Hiding global positioning system (GPS) coordinates behind a simplistic zero-knowledge proof (ZKP) implementation. Practically, this looks like a simplistic black box whereby the ZKP is a subroutine that performs feature extraction without revealing the raw GPS coordinate to the researcher. For example, this subroutine could consist of implementing a lookup table that maps GPS coordinates to category of location. The challenge then lies in careful implementation and permeability of this subroutine to ensure security of the data (highlighted in gray). A malicious party should not be able to identify a participant’s GPS coordinates through a process of elimination by trying several inputs. The analogue would be trying to guess a password via brute force.

As ZKPs more broadly correspond to a variety of techniques, it is difficult to recommend it summarily for general feature extraction problems, and they should instead be evaluated on a case-by-case basis. In addition, some common challenges include implementation and computational complexity. Sometimes, they still require a trusted third party to prove a statement [58]. It is our view that ZKPs hold potential as building blocks for privacy-preserving protocols but is currently an active area of research [59] rather than a practical and accessible tool for implementation.

Trusted Execution Environments

A TEE (also referred to as secure hardware enclave) is a chip-level hardware design in modern processors that enables isolated execution over confidential data. Figure 9 illustrates how TEEs could encapsulate private raw data without exposing to the researcher. A major benefit of TEEs is that they have little performance overhead over native computations, making them practical for a wide range of applications [25], while providing guarantees that malicious applications cannot tamper with the computations running on secure enclaves.

Figure 9.

Figure 9

A trusted execution environment (TEE; highlighted in gray) provides data privacy through encapsulation. Security features include memory isolation, memory encryption, isolated architecture, and secure key provisioning. A remote attestation process follows to verify correct execution of a program and provide a proof of origin [60]. A level of trust is still required in TEEs (highlighted in gray) because of the risk of hardware exploits.

An important consideration when using TEEs is the very real risk of hardware vulnerabilities that can be exploited. In early 2018, hardware vulnerabilities in modern commercial processors were reported that can expose private data to rogue processes (Meltdown) or attacks on processors that perform branch prediction (Spectre) [61]. Another vulnerability (Foreshadow) explicitly affected Intel SGX processors [62], bringing to question how trustworthy a secure enclave can be. In an effort to address these concerns, emerging open-source TEE projects argue that security by obscurity in commercial designs is insufficient and that community-driven, open security will lead to more reliable designs [25].

Another criticism of TEEs regarding data privacy is that practical applications might use a single or handful of TEEs, which centralizes the management of data. The thought is that it is still a “very strong assumption to require all participants to globally trust a single or handful of (TEE) processors” [63]. To address this limitation, some projects have emerged that incorporate blockchain with TEEs to decentralize the network of computing nodes. This approach will be examined further in the next section on blockchain methods.

Blockchain Methods

Private and Consortium Blockchains

Private and consortium blockchain networks limit who can participate in the network, usually by creating access controls that are managed by highly trusted entities. Often, additional rules are included to create a permissions system, control which nodes can verify transactions, and make transaction data private to the parties involved. The last of the reasons is particularly appealing in a privacy-centric data–sharing context, but it comes at the price of placing trust in the maintainers of the private network. However, the very same feature that makes public blockchains so appealing—a trustless, decentralized network state secured by cryptoeconomic incentives—is missing from private blockchains and is illustrated in Figure 10.

Figure 10.

Figure 10

Private blockchain where it represents a secure data environment but requires similar trust as other centralized techniques (participant consent to release data, trusted parties). For this reason, the entire private blockchain network is highlighted in gray.
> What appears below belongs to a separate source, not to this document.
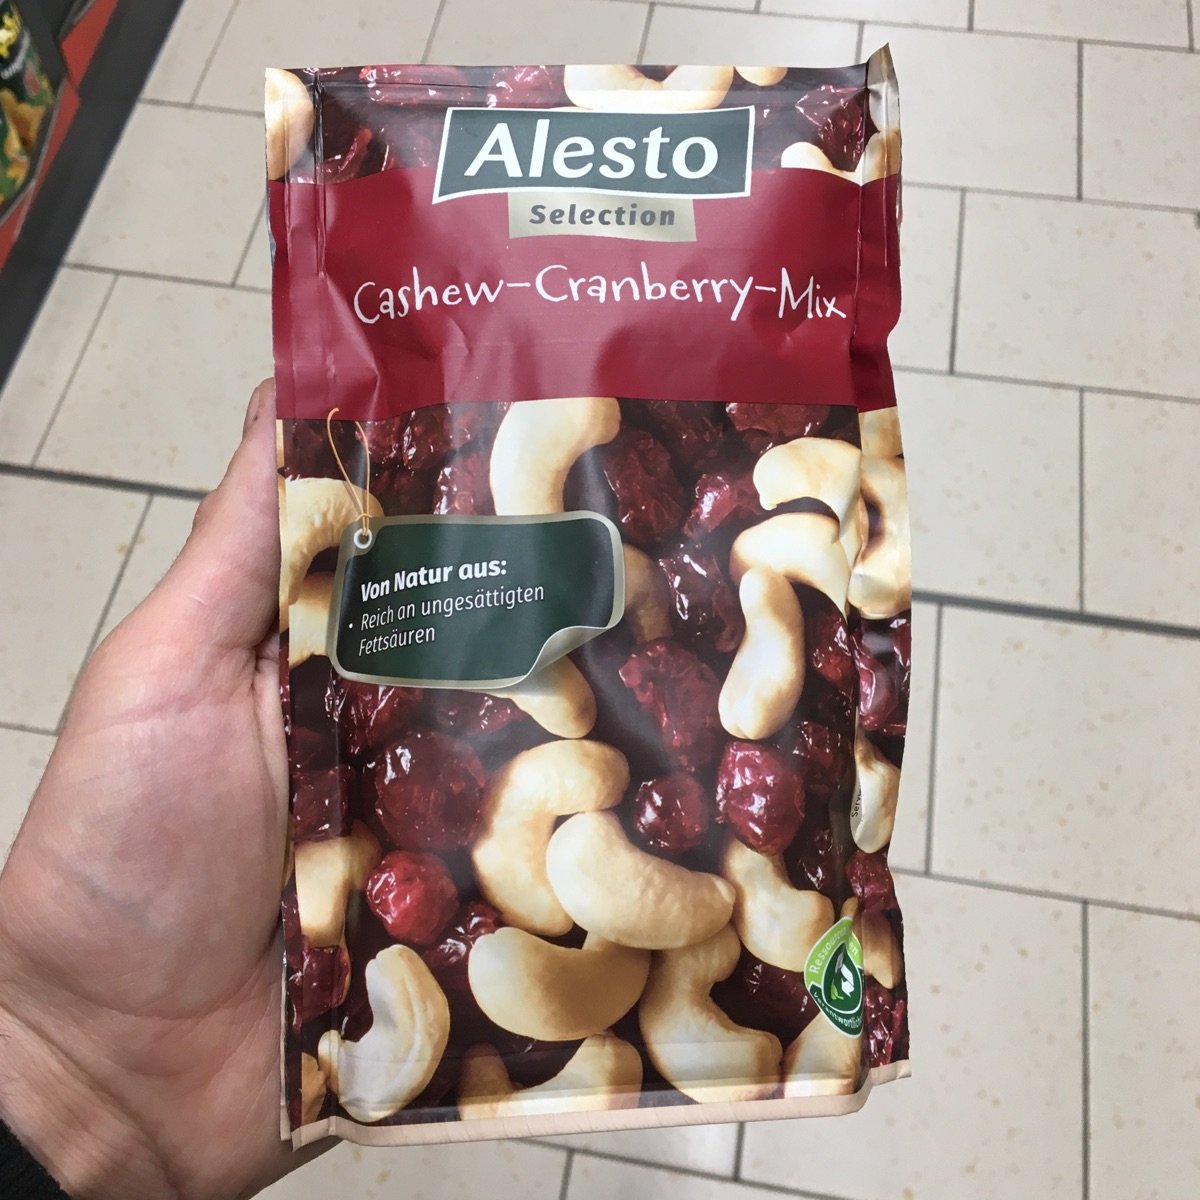 Alesto Cashew Mix Review and abillion Cranberry

Public Blockchain Smart Contract

Smart contracts on a public blockchain are small, modular pieces of software that cannot be changed once they are deployed on the network. This is an advantageous quality for privacy-preserving software, because a user of the smart contract is guaranteed that their data will always be processed the same way. The functionality of deployed smart contracts is verifiable when the smart contract code is made public.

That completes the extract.